Area and Population.
Arkansas is the original 'Bear State.' Twenty years ago, by act of the Legislature, it was in effect decreed that 'from and after the passage of this resolution Arkansas shall be known as the Wonder State.' The state is also, sometimes, referred to as 'the Diamond State,' due to the fact that diamonds, in apparently commercial quantity, have been discovered in a restricted area in the southwest quarter of the state.
Arkansas is situated inland in the south central part of the United States. Included within its boundaries are 53,353 sq. mi., 810 sq. mi. of which are surface water area. Arkansas is the smallest state west of the Mississippi River, though it is larger than the whole of New England.
The Ouachita and Boston ranges of the Ozark Mountains in western Arkansas form the Arkansas highlands. Central Arkansas, from northeast to southwest, is a broad plateau of rolling plains. Eastern Arkansas, a belt of country 100 miles wide more or less, is a delta land, formed by the Mississippi River and its several Arkansas tributaries. The state has many lakes, hundreds of springs and small streams, which feed into a network of rivers, including the Arkansas, the White, Red, Black, St. Francis, and Ouachita.
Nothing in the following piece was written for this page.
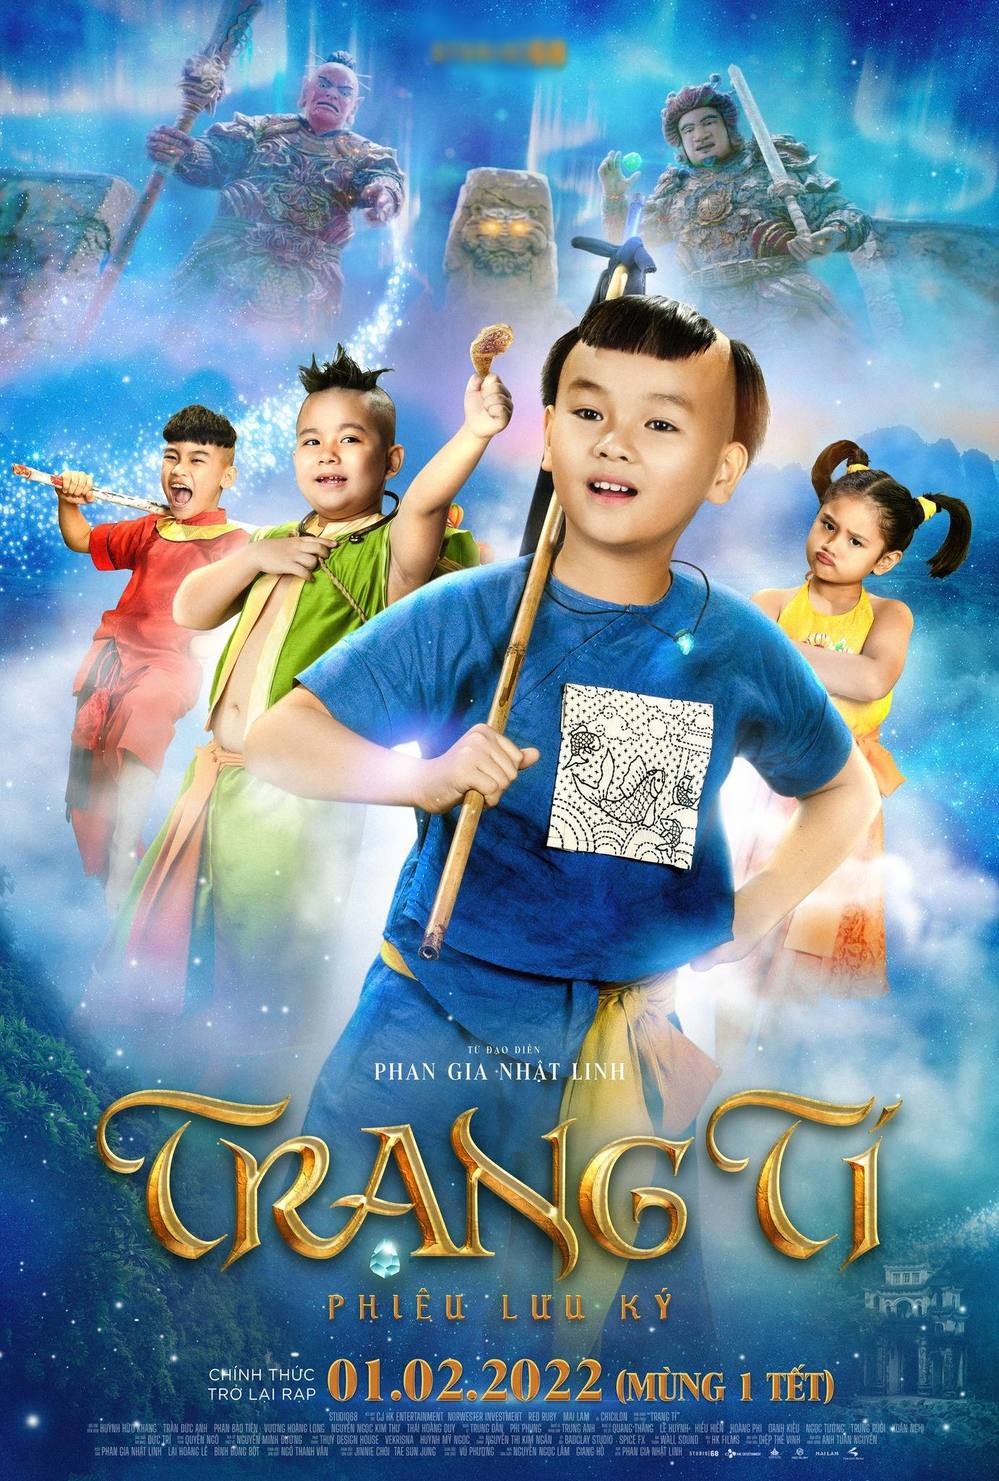 Banner Phim Trạng Tí Phiêu Lưu Ký (The Spectacular Adventure Of Little Prodigy)

Arkansas, though it is too far west to qualify as part of the 'deep South' proper, is nonetheless as southern as any of the states of the 'solid South.' Native Arkansans, who, perhaps, account for 95 per cent of the population, are, for the most part, of pure southern origin, descendants of pioneers who moved into Arkansas from the south before the War of Secession.
Population.
Arkansas had a total population in 1940 of 1,949,387. This includes 1,466,084 whites, and a Negro population of 482,578; 725 people whom the census lists as 'other races,' comprise Indians, Chinese and Japanese.
The people of Arkansas, for most part, live in the country, 1,111,007 of them being classified by the census as 'rural' residents, by which is meant that all but 838,380 of the people reside either on farms, or in the many small towns and villages. During 1942, on account of the war, the Federal Government arranged to move about 20,000 Japanese residents of the West Coast to relocation camps in Arkansas. However, the Government is pledged to move these Japanese out of Arkansas as soon as the war shall have been won.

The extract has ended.